El pelo se le arremolinó en el viento, y Katy se volvió para asegurarse de que no estaba a punto de volársele nada del asiento trasero. Luego fijó nuevamente la vista en la ruta y en el paisaje que la rodeaba. Caray, era un bonito lugar. Todo se estaba poniendo verde y los huertos estaban en plena floración. Quería llevarse bien con su madre. De veras. ¡Pero ella había cambiado tanto desde que papá había muerto! Tanta independencia. Además, parecía arremeter hacia adelante y hacer las cosas sin considerar los sentimientos de Katy. ¿Y si lo que la abuela había dicho fuese cierto?
Fish Creek estaba en pleno apogeo. Las puertas de los comercios sobre la calle principal estaban abiertas, la mayoría sin siquiera mosquiteros. Frente al correo había tulipanes en flor, y abajo, en los muelles, ya se veían veleros.
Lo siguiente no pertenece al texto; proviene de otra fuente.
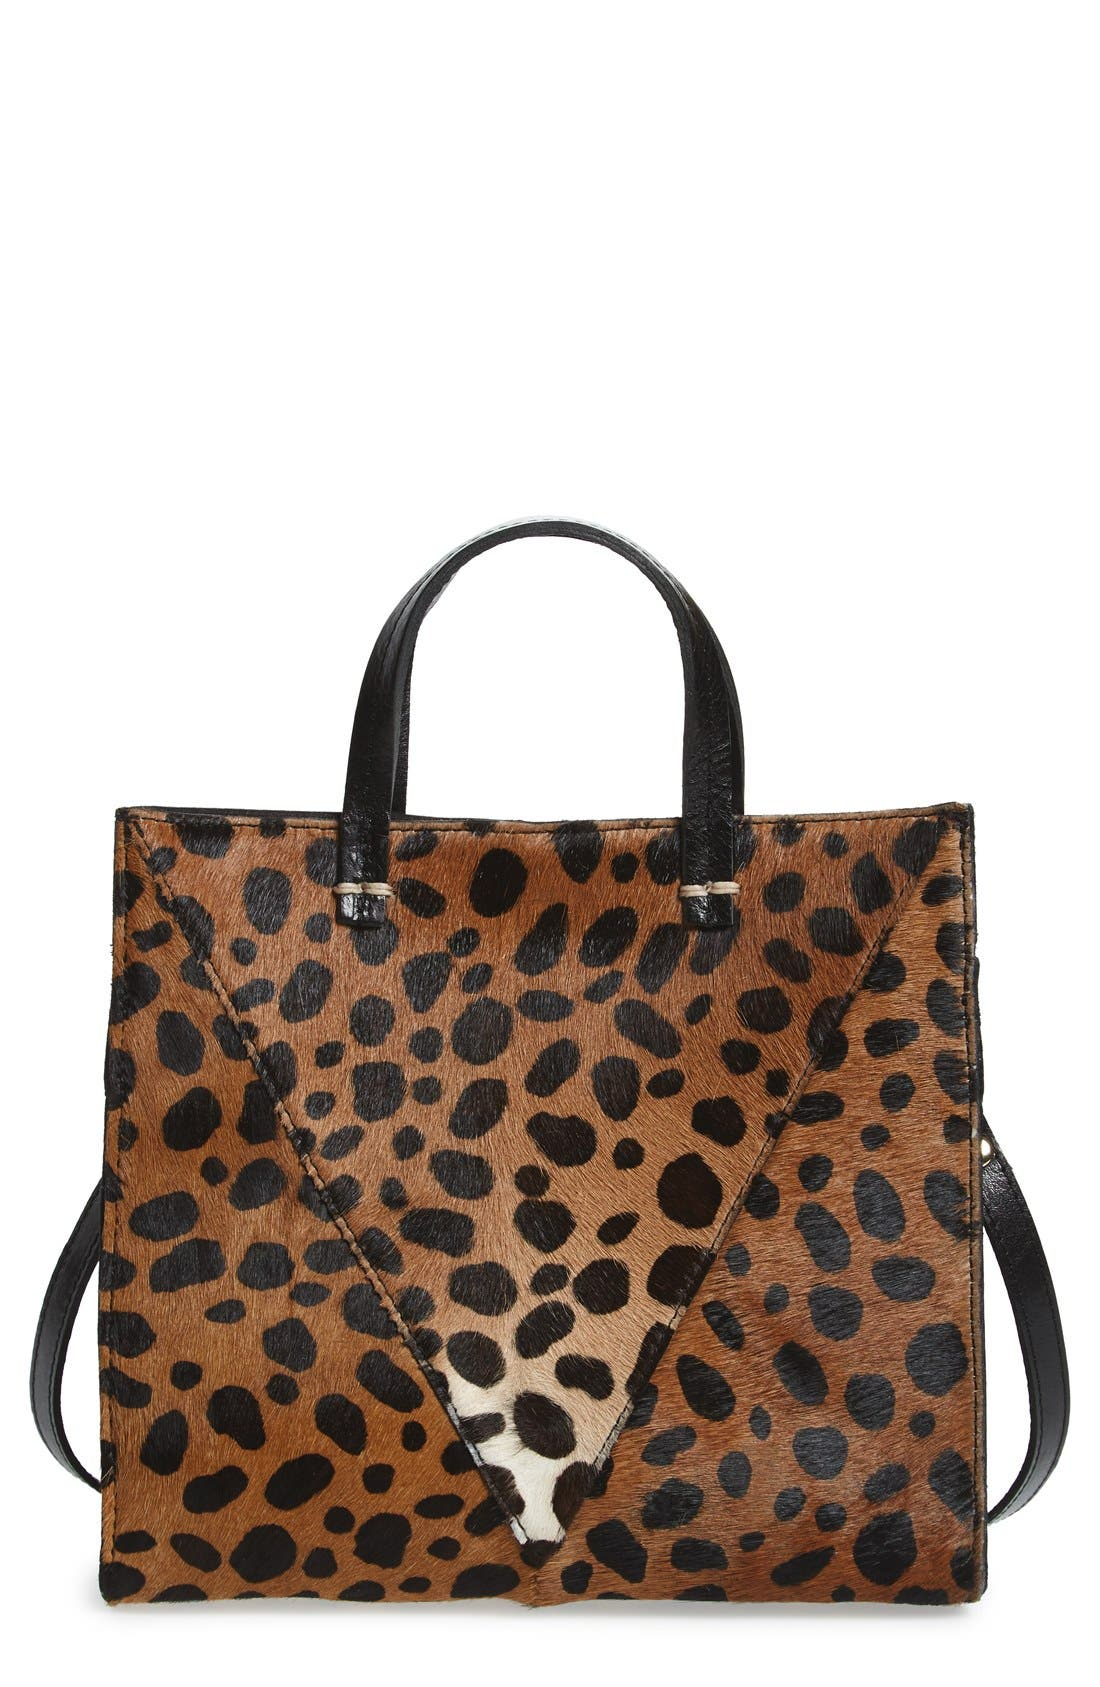 Clare V. 'Petit Simple' Leopard Print Genuine Calf Hair Tote

Sobre Cottage Row, las casas de veraneo habían sido abiertas para la temporada y había un hombre podando arbustos junto al portón de una de ellas.
En lo de su madre se veía un nuevo letrero: CASA HARDING. Junto al garaje estaba estacionado el Lincoln de Maggie al lado de otro coche con patente de Minnesota. Katy estacionó junto a ellos, bajó, se desperezó y comenzó a descargar el equipaje asiento trasero.
No había descendido la mitad de los escalones cuando Maggie salió como una tromba, sonriendo, exclamando:
– ¡Hola, mi vida!
– Hola, mami.
– Qué alegría me da verte.
Se abrazaron en el sendero, luego Maggie tomó una maleta y se dirigieron al garaje, conversando sobre el viaje, el fin de las clases, el clima agradable de primavera.
– Tengo una sorpresa para ti -dijo Maggie, guiando a Katy por la escalera que trepaba por la pared externa del edificio. Abrió la puerta. -Pensé que te gustaría tener un sitio sólo para ti.